184 La volontà di distruggere le donne che si sono ribellate alla violenza subita lasciando il partner violento, passa anche attraverso minacce di morte.

“Ha iniziato a minacciarmi, che bruciava la casa con me e la bimba dentro” (Giada).

“Poi ho iniziato, perché ho dovuto, a registrare le telefonate, con minacce di morte registrate…io so tantissime cose, non sempre lavorava troppo rispettando la legge e quindi so tantissime cose. Quando mi ha detto una cosa sulla fiducia gli ho detto “tu parli a me di fiducia che so tutto”, gli ho fatto un elenco e mi ha detto “bene, tu fai questo e io pago uno, domani esci e ti trovi sotto una macchina, tanto con questi –ha tirato fuori i soldi- sai che io posso tutto” (Lena).

Anche le assistenti sociali possono subire violenze in questi contesti. Dalle loro interviste emerge infatti la frequenza delle minacce di morte rivolte loro dagli uomini violenti, qualora agiscano in modo diverso dalle aspettative paterne, ad esempio sospendendo le visite padre-figlio/a: 9 operatrici su 15 hanno riportato esperienze in tal senso. Ne riportiamo qui alcune.

“Io, nella mia carriera, finora minacce di morte ne ho ricevute relativamente poche, ma quelle poche ti fanno male! sono estremamente pesanti da gestire!... penso di averle radicate nel DNA ormai!

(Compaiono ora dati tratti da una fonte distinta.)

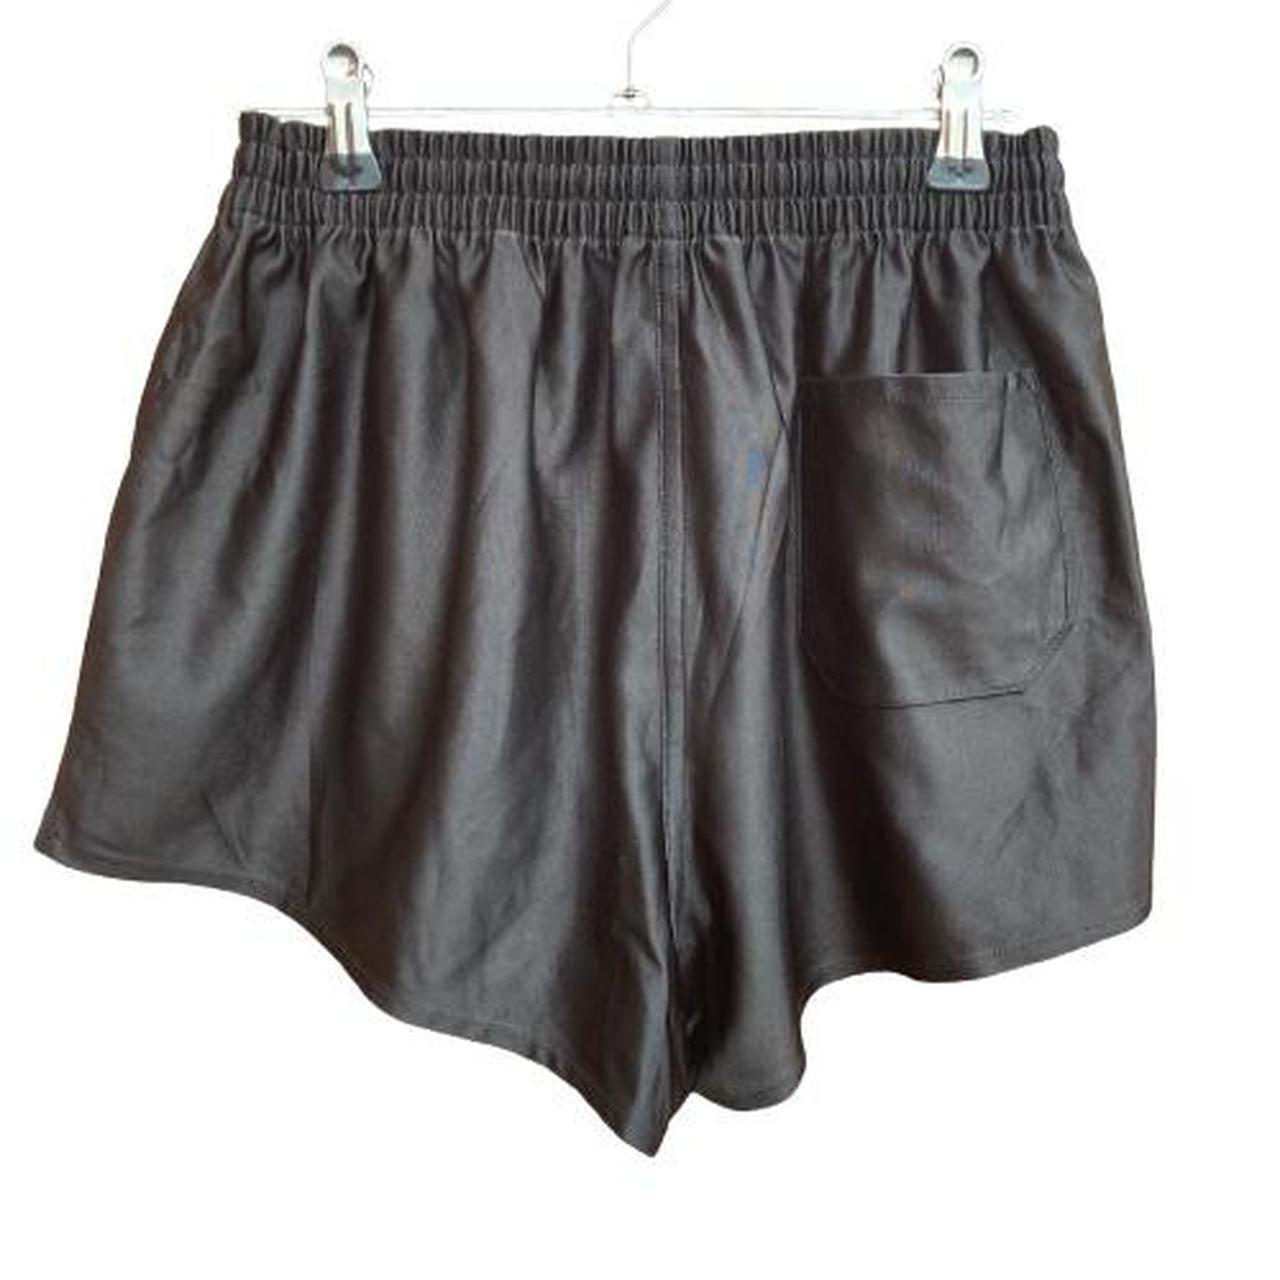 Product Image 4 - Vintage shorts in black by

Allora, una volta mi si è presentato un papà con una pallottola, me l’ha mostrata, e mi ha detto “Adesso devo valutare, se è per me o per lei!” Eh, se mi son fatta le ossa… ed io non so, non lo so come ho fatto, non lo so che cosa mi sia venuto fuori, dico “beh, ragioni in fretta perché io ho un altro appuntamento. Appena ha deciso mi faccia sapere!” …e lui ha deposto le armi. Io sono entrata nel mio ufficio, mi penso de esser stata un quarto d’ora in… cioè…purtroppo il quotidiano lavorativo non ti consente molti spazi per elaborare queste cose” (AS1).

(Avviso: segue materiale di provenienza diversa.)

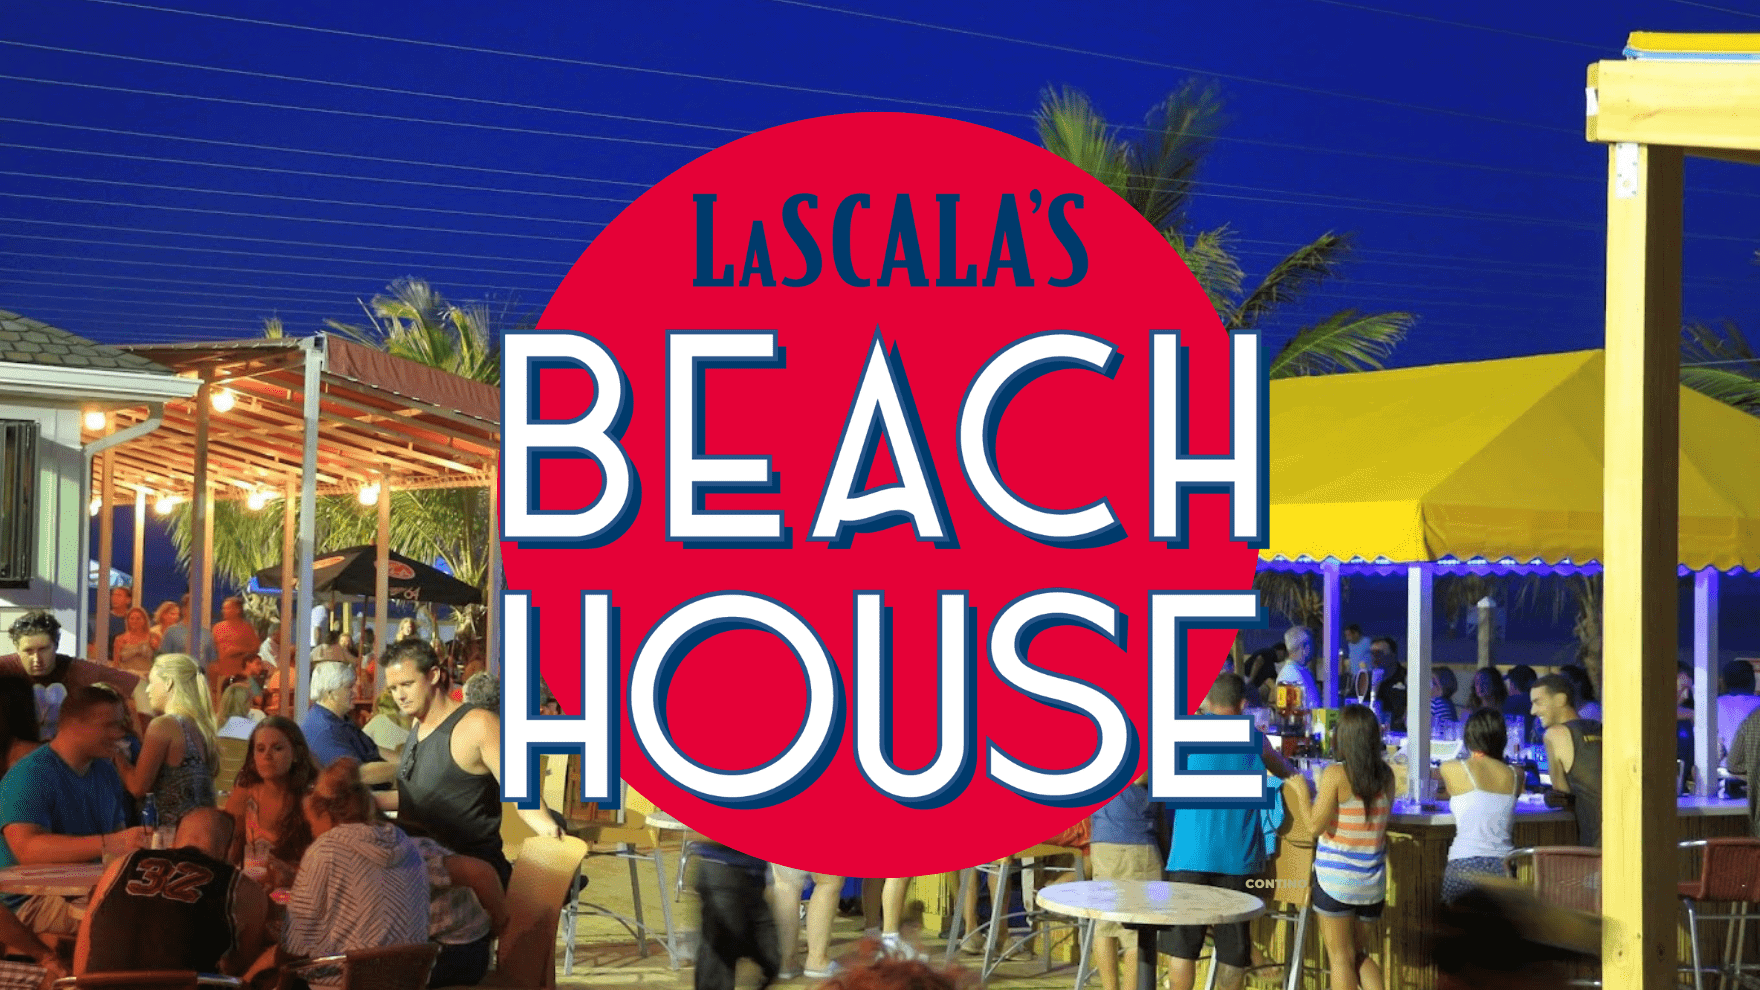 LaScala’s Beach House To Open This Week

“Oh Dio, minacce qui in ufficio ne ho avute tante (…) una volta un padre ad esempio mi ha detto “qua finisce male! Se mi portano via i figli, finisce male! e so che me la prendo con lei!”, oppure

185 persone che magari, il colloquio non era più, diciamo, proseguibile, ho chiesto magari di terminare e di sospendere e mi hanno tipo quasi sequestrata dentro l’ufficio mio!!!” (AS14).

Dalle citazioni emerge un senso di solitudine nell’affrontare queste minacce che, pur frequenti, vengono tollerate e, sembra, quasi “normalizzate”. È legittimo domandarsi se questa tolleranza delle operatrici agli agiti violenti da parte degli uomini violenti impatti sulle valutazioni di quanto le loro utenti possano reggere o su quanto debbano o meno subire.